In the entries below, find the line with "Velastisa: Productos y" and the line with "1119x1390 Outline Of A Teddy Bear"; reproduce those two lines and all lines between them exactly, without pictures.

**EXCERPTED RECORDS:**
= Beginning of Section =

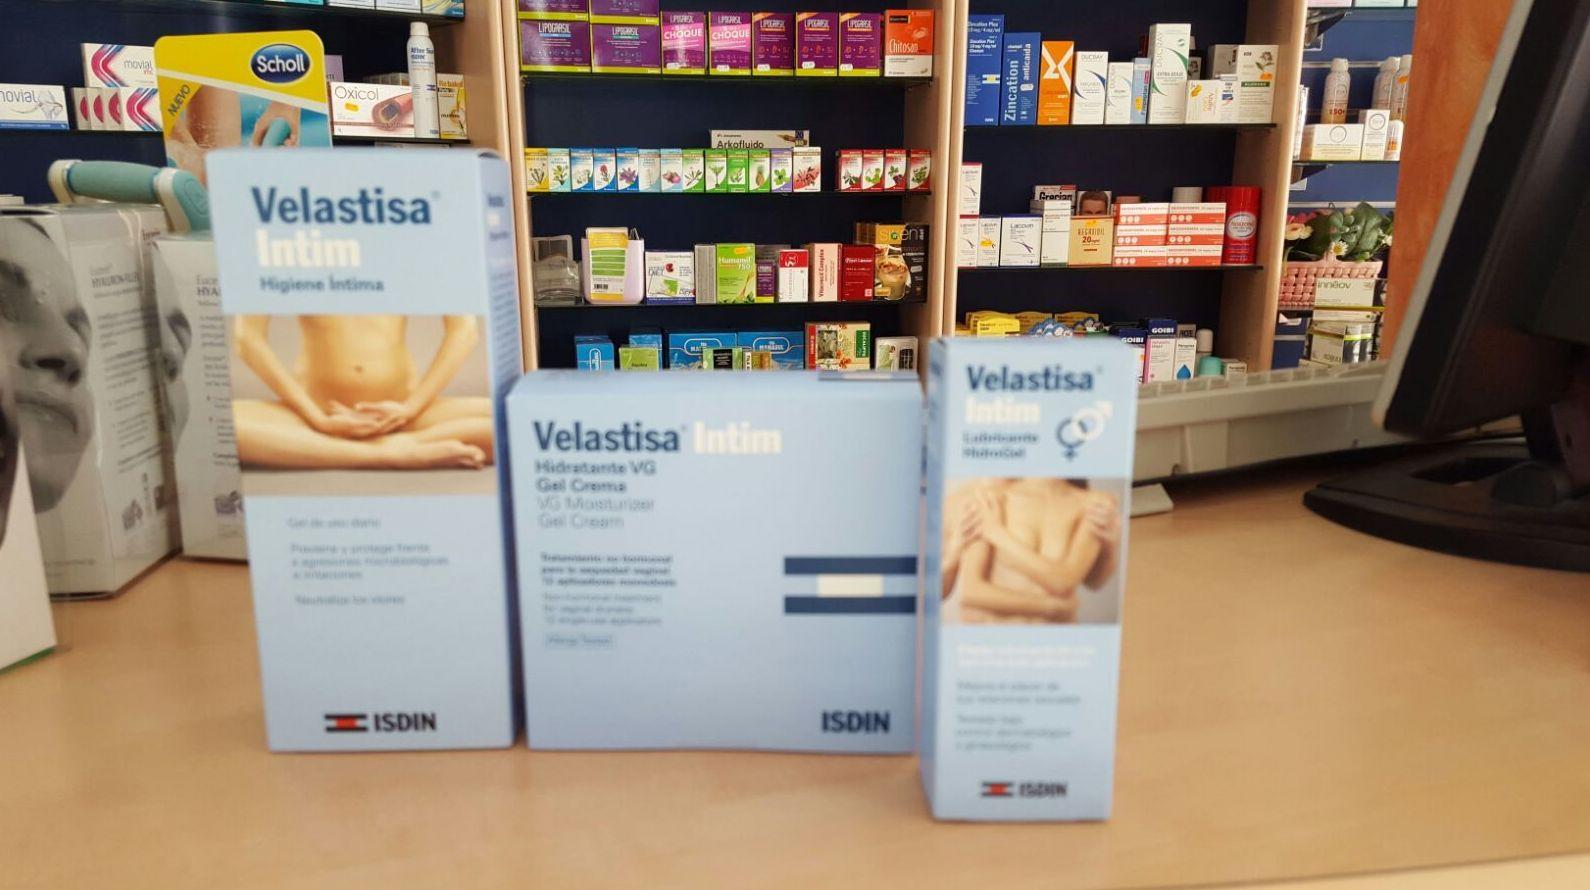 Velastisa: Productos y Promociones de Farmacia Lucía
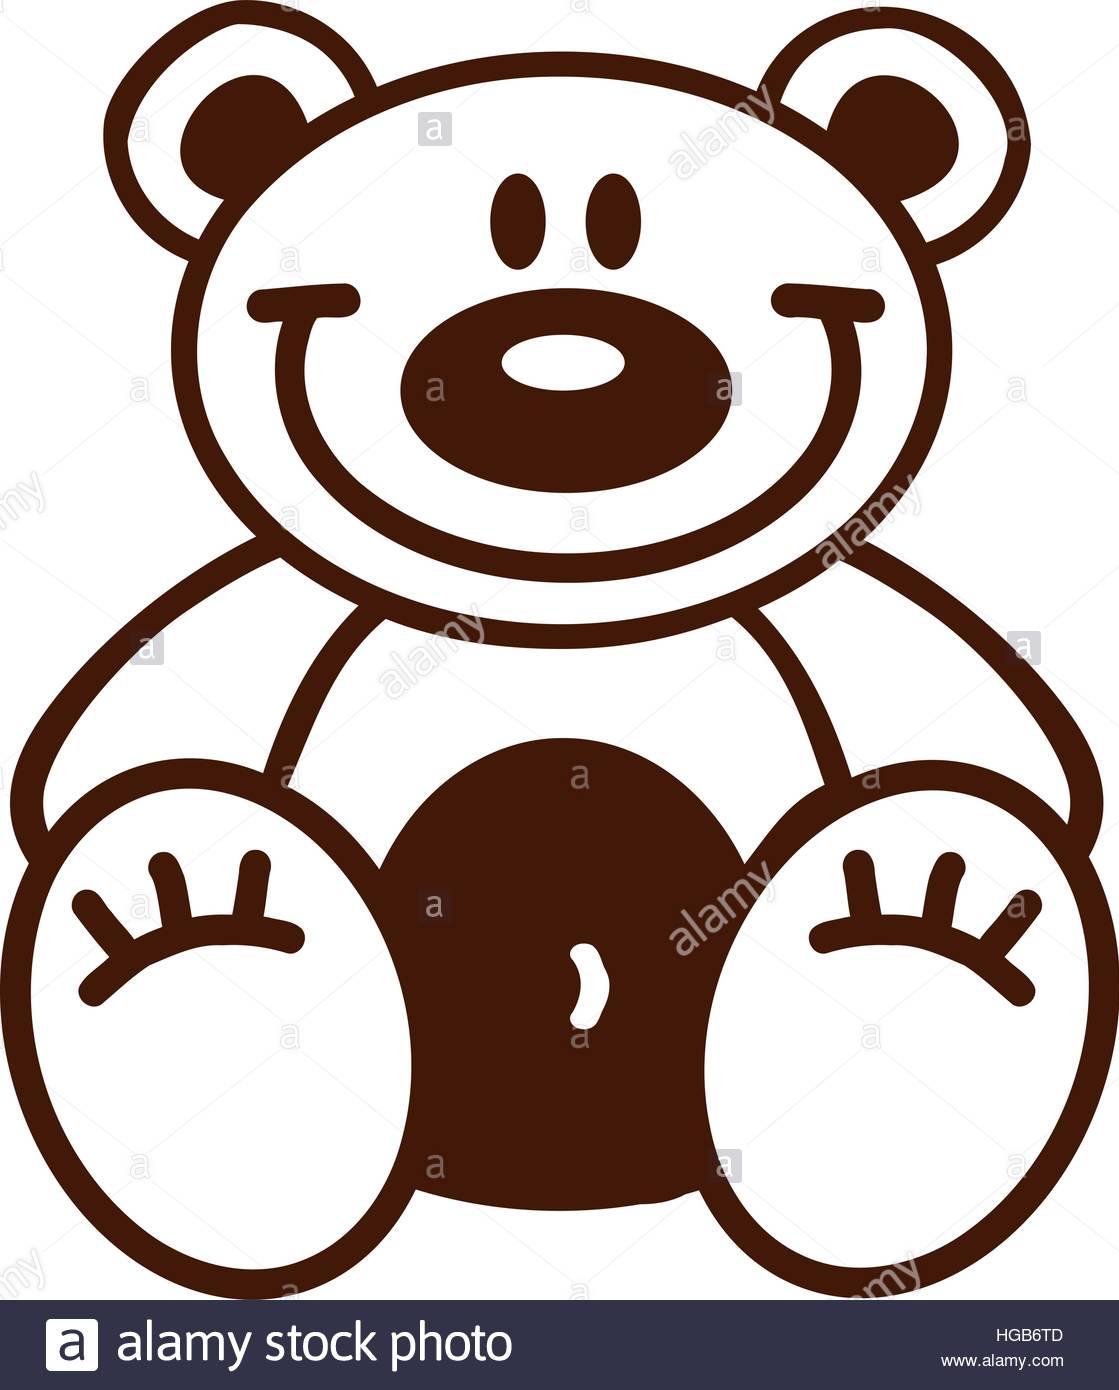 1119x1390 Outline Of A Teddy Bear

= End of Section =
= Beginning of Section =

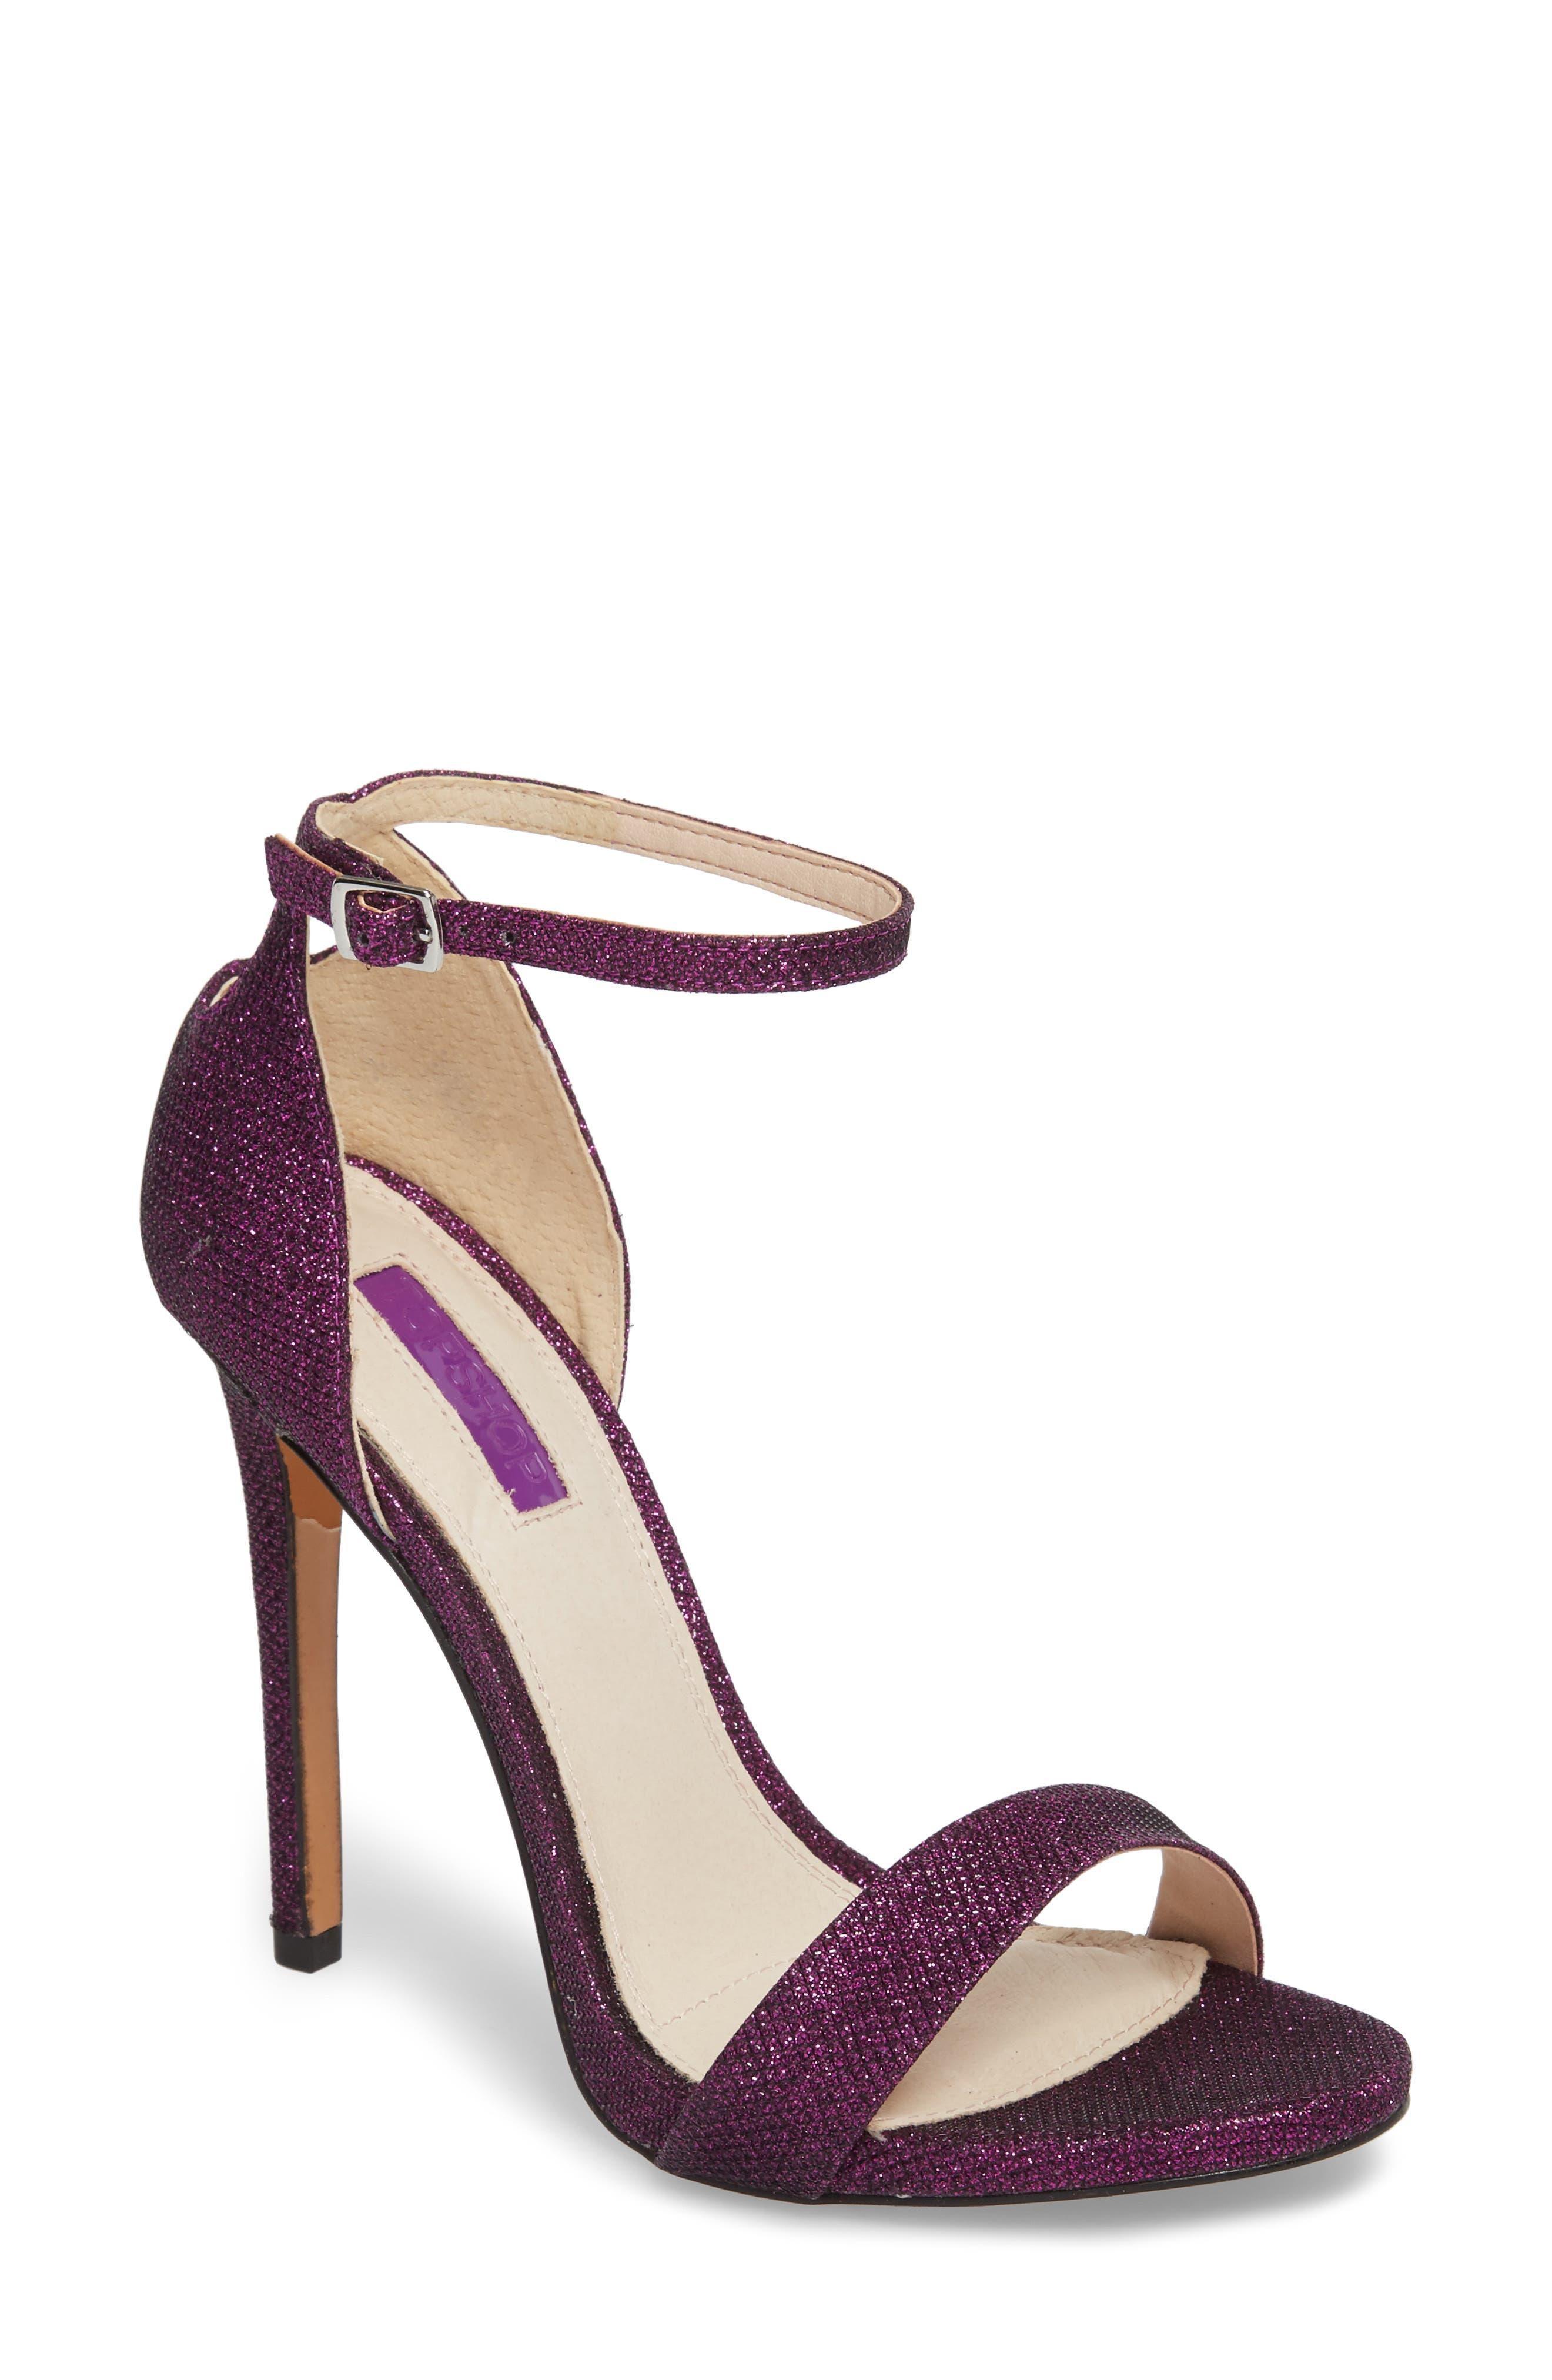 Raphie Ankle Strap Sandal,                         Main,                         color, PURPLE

= End of Section =
= Beginning of Section =

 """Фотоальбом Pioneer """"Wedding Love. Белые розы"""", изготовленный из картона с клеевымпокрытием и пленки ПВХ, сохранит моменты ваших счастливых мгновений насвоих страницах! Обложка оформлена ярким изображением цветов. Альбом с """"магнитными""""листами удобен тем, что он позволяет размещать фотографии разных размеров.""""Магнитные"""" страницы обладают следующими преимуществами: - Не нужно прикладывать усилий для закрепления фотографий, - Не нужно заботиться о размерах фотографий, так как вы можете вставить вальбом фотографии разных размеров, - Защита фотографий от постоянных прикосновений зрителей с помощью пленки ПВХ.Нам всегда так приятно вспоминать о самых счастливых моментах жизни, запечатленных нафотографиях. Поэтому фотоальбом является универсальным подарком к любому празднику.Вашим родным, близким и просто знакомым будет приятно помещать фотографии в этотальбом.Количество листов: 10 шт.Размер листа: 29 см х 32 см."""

= End of Section =

**OUTPUT FOR THIS EXERCISE:**
 Velastisa: Productos y Promociones de Farmacia Lucía
 1119x1390 Outline Of A Teddy Bear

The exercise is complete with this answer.